September 13, 1956 was an important date in computer history. That's when IBM shipped its first hard drive. As Steven Levy tells us in Newsweek, it was the size of two refrigerators and weighed a ton. Lot figurately. Literally. Leasing cost $250,000 a year (2006 dollars). But it was considered a wonder:
"It was about the size of two large refrigerators, about as tall as a person stands, and though it used vacuum tubes, it was always running," recalls Jim Porter, who worked at Crown Zellerbach in San Francisco in the mid-'50s and would proudly take people to the basement to see what he claims was the very first unit delivered by IBM. "It really turned the tide [in the Information Age]," he says. "It was the first to offer random access, whereas before you would have to wind a tape from one end to the other to access data." (Steven Levy, Newsweek)
I remember the first hard drive I ever saw. Well I sort of remember it.

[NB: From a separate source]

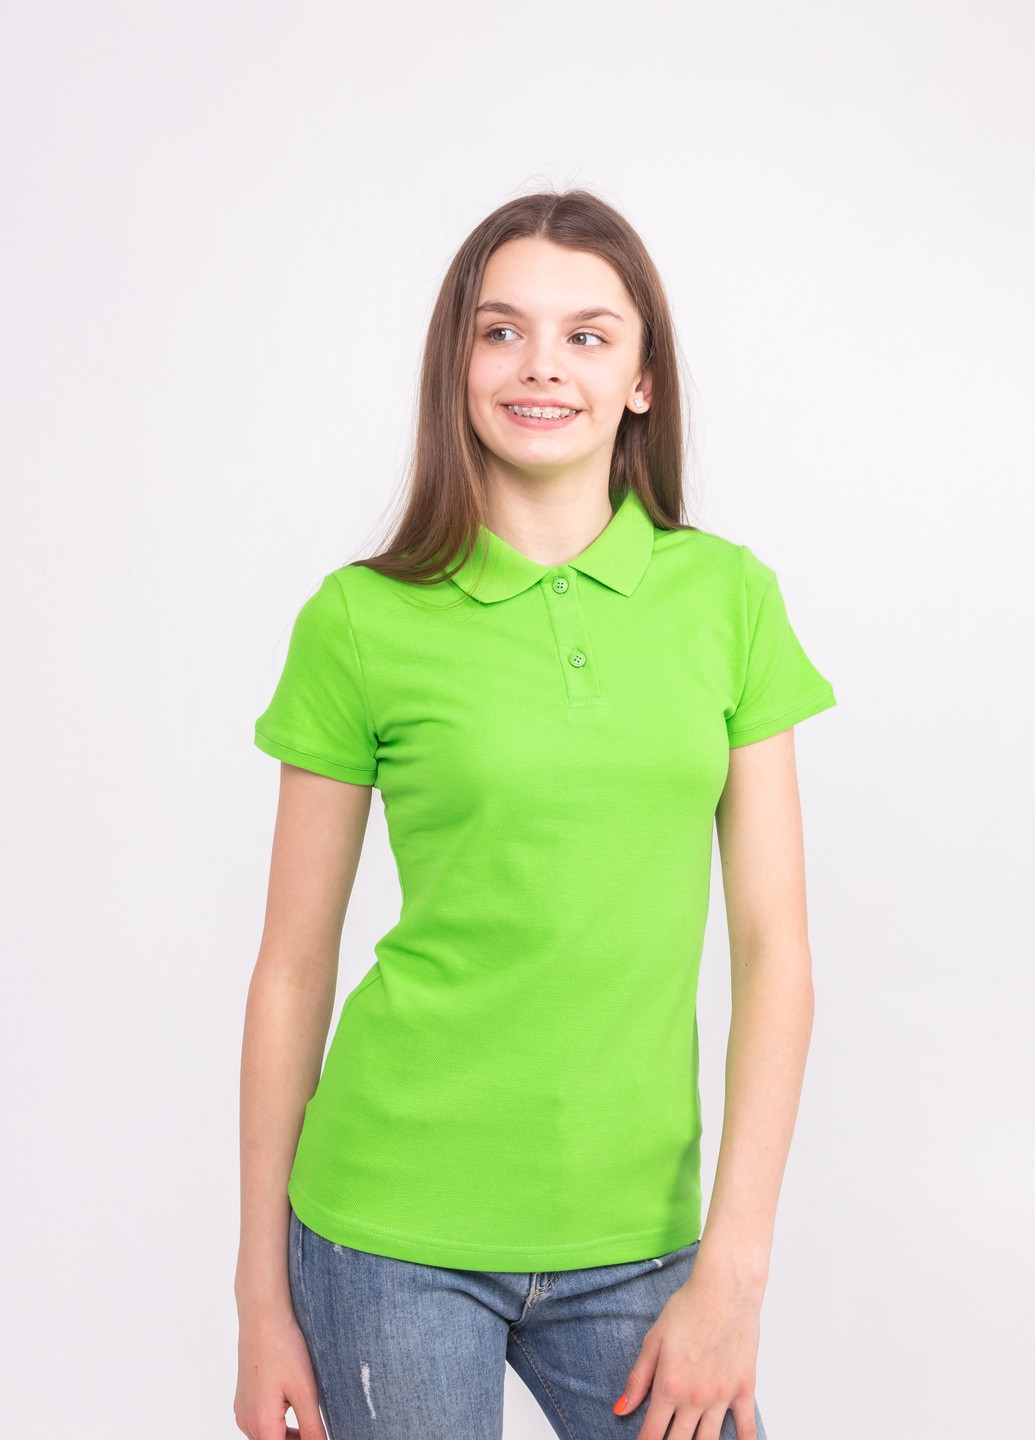 Салатовая женская футболка-футболка поло жіноча TvoePolo однотонная

It was much smaller and I don't know its capacity. I was a very junior person in a cutting edge computer lab at a famous research university and we all used the single DEC PDP-9 that had 48K of core memory: literally. 48,000 wound ferrite cores. The machine took up a room bigger than the entire floor space of most 2 bedroom apartments in the college town where it was nestled. We booted the machine with paper tape after setting switches by hand. We used a magnetic tape reader for programs and data, which was quite advanced, but the hard disk was off limits to most of us, so I can't tell you any more about it.

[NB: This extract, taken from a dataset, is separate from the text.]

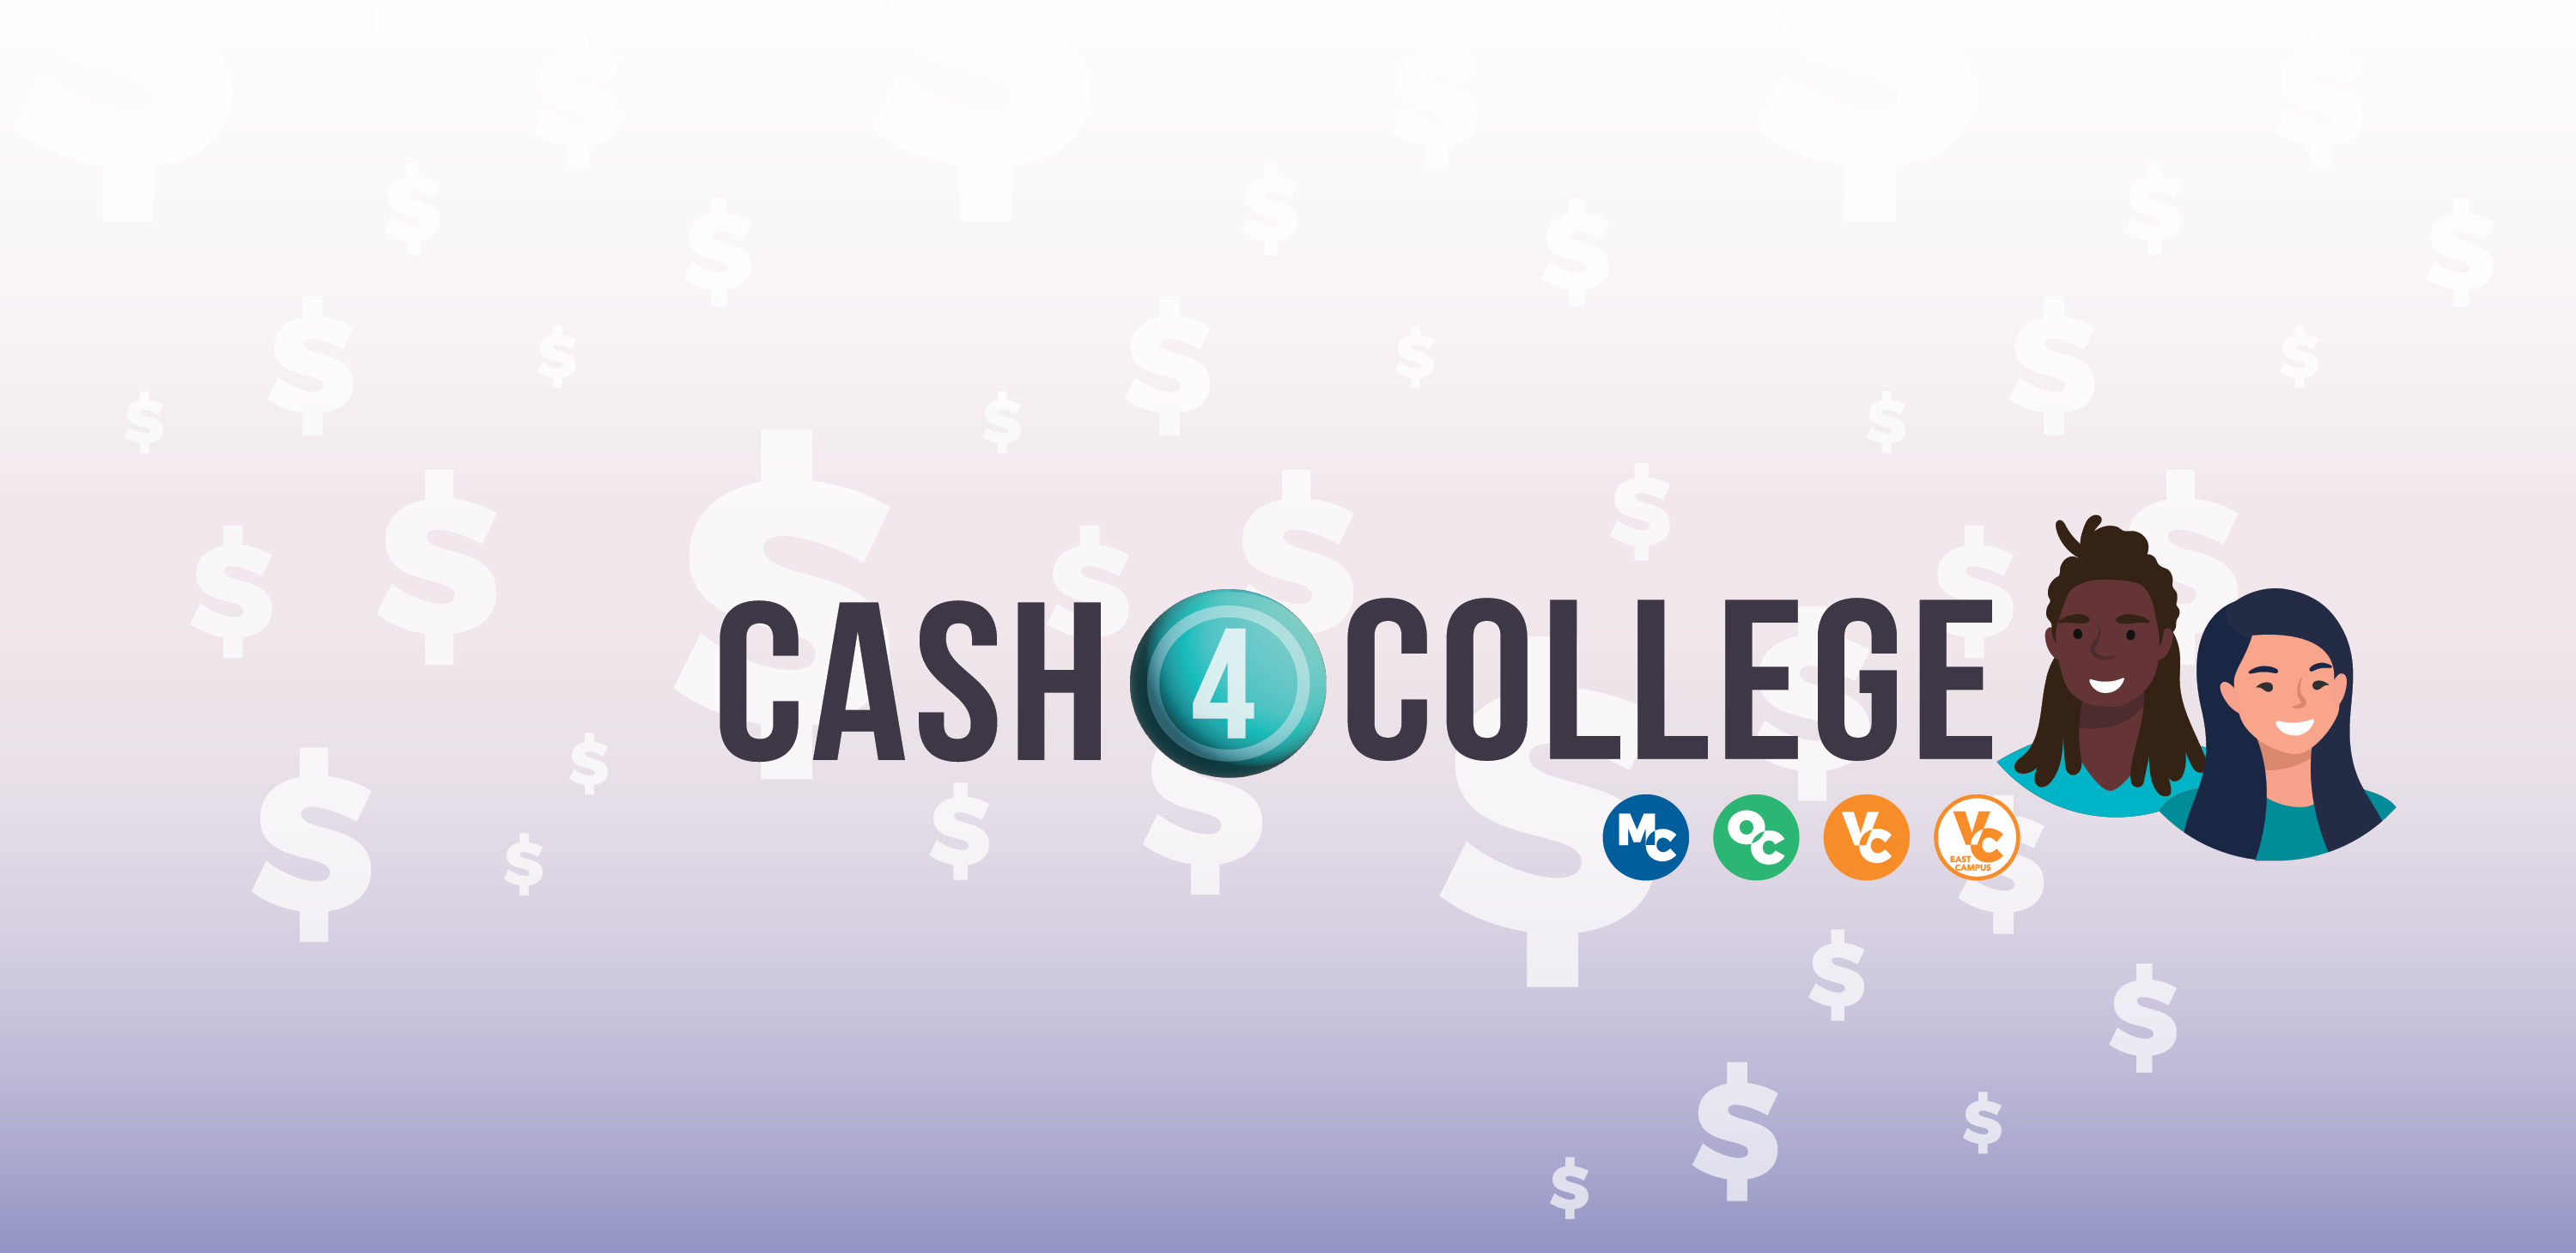 Cash 4 College

When I got my first personal computer, in 1981 (an Apple II+), it also had 48K on RAM but now it fit on a desktop. Quite a bit of progress in 13 years. But I had to buy a 5.25" floppy drive as an extra and use a TV set for a monitor. I thought it was cheap at $2200. I didn't get a hard drive for my Mac with the 9" screen until 1990-something. Mrs. R. had a kid working for her that moonlighted at a computer store. He got a 10 MB hard drive for her at half price -- $1000. She gave it to me as a birthday present. I was thrilled but couldn't imagine how I'd use up all that storage.
Now I'm sitting in front of a machine about the same size as my Apple II+ but it has 1.5 GB of RAM and a 120GB hardrive with another little 40 GB drive connected to it that fits in my shirt pocket. That means I've got 150 times as much RAM as I had on my first hardrive and 16,000 times as much hard disk storage -- plus a 20 inch flat panel monitor, all for less than I paid for my first desktop computer. That's without even considering the increase in CPU horsepower. And I'm just about average. At the office I've got even more.
Now they're talking about petabyte storage (a petabyte is a million gigabytes). Most of us will have to get by with terabytes (thousands of gigabytes). Petabytes are for the big boys. At least for now.
But there's no doubt we'll need petabytes at home soon. Probably for the next version of Microsoft Office.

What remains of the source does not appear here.